Review by Alyn Darnay
Directed by: Drew Goddard
Cast: Kristen Connolly, Chris Hemsworth, Anna Hutchison, Fran Kranz, Jesse Williams, Richard Jenkins, Bradley Whitford
Let’s start this review by saying “The Cabin In The Woods” is one of the best horror films to come around in the past few years, probably not since the original Scream (1996), and I became an instant fan. Which in itself is strange, made even stranger because it’s been sitting on MGM’s shelf for the past three years and for all anyone knew could have disappeared there forever. But, it finally comes out on Friday the 13th and it’s bound to become an instant classic. The audience I saw it with was a mix bag of ages and groups and I don’t think a single person disliked it. They laughed, screamed, and stared at the screen in disbelief. What more could you want in a film?
Here’s the story plain and simple, five friends go to a remote cabin in the woods. Bad things happen and don’t stop. Why? What’s going on here? Will it ever stop? Will any survive? Typical huh? Not on your life, not this time, this one’s twisted and fun. If I tell you more it’ll subverted any of the expectations and surprises that accompany the film to such wicked effect. Suffice it to say, whatever you think this is about, surrender it as you enter the theater. And please, for your own sake and to insure that you’ll get maximum impact from the film, don’t watch the trailers or listen if someone wants to tell you about it.

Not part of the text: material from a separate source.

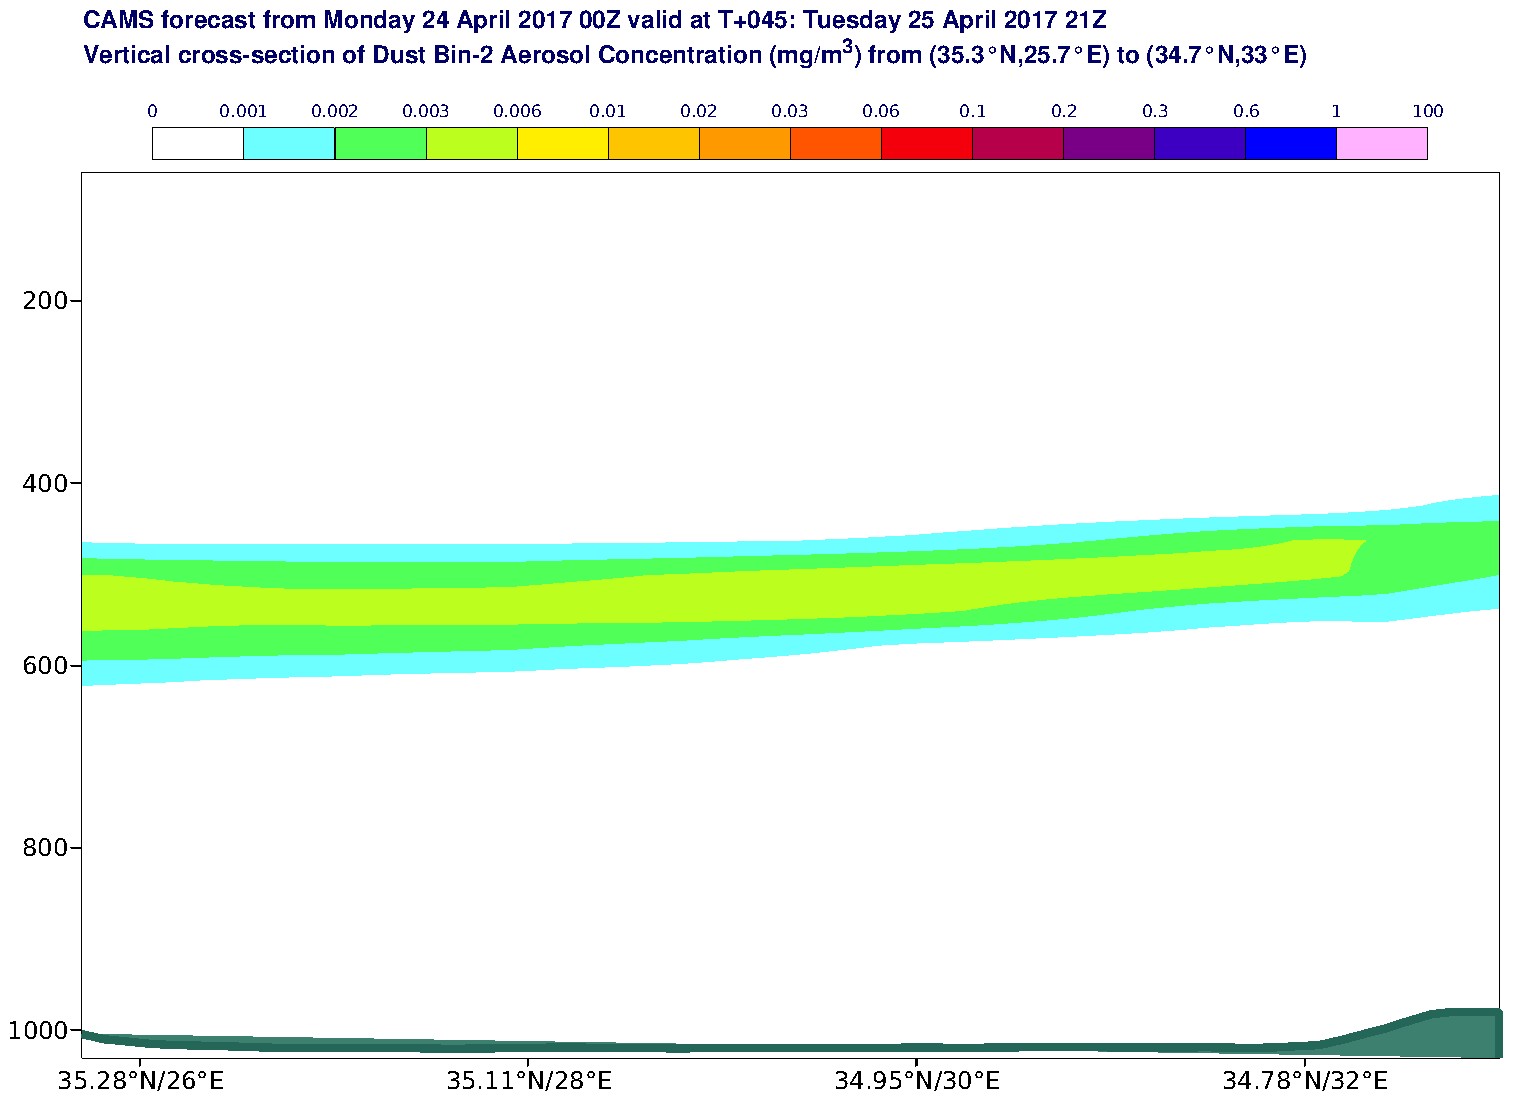 Vertical cross-section of Dust Bin-2 Aerosol Concentration (mg/m3) valid at T45 - 2017-04-25 21:00

Written by Joss Whedon & Drew Goddard, and directed with bravura style by Mr. Goddard, the movie is a strange and wonderful amalgam of genres. Here’s what they did to achieve it. They got a blender and put equal parts of Buffy, Angel, Lost, and Alias into it, because that’s pretty much what they’d been working on for several years, then they added the set from Evil Dead II, a lot of misdirecting off-the-wall twists, the requisite college students to torment, a pinch of sci-fi, some disgruntled employees, a little humor, and then they poured in the gore. Hit the button and they got an absolutely brilliant movie that renders all past and future examples of this genre nothing more than superfluous. It’s amusing, ingenious and unexpected.
I’m not a big horror genre fan, I was once, but frankly nowadays I just find the films repetitive and stale. However, this film changed that for me, it turns the form on its head and showed me how exciting and entertaining it can be in the hands of talented people with fresh ideas.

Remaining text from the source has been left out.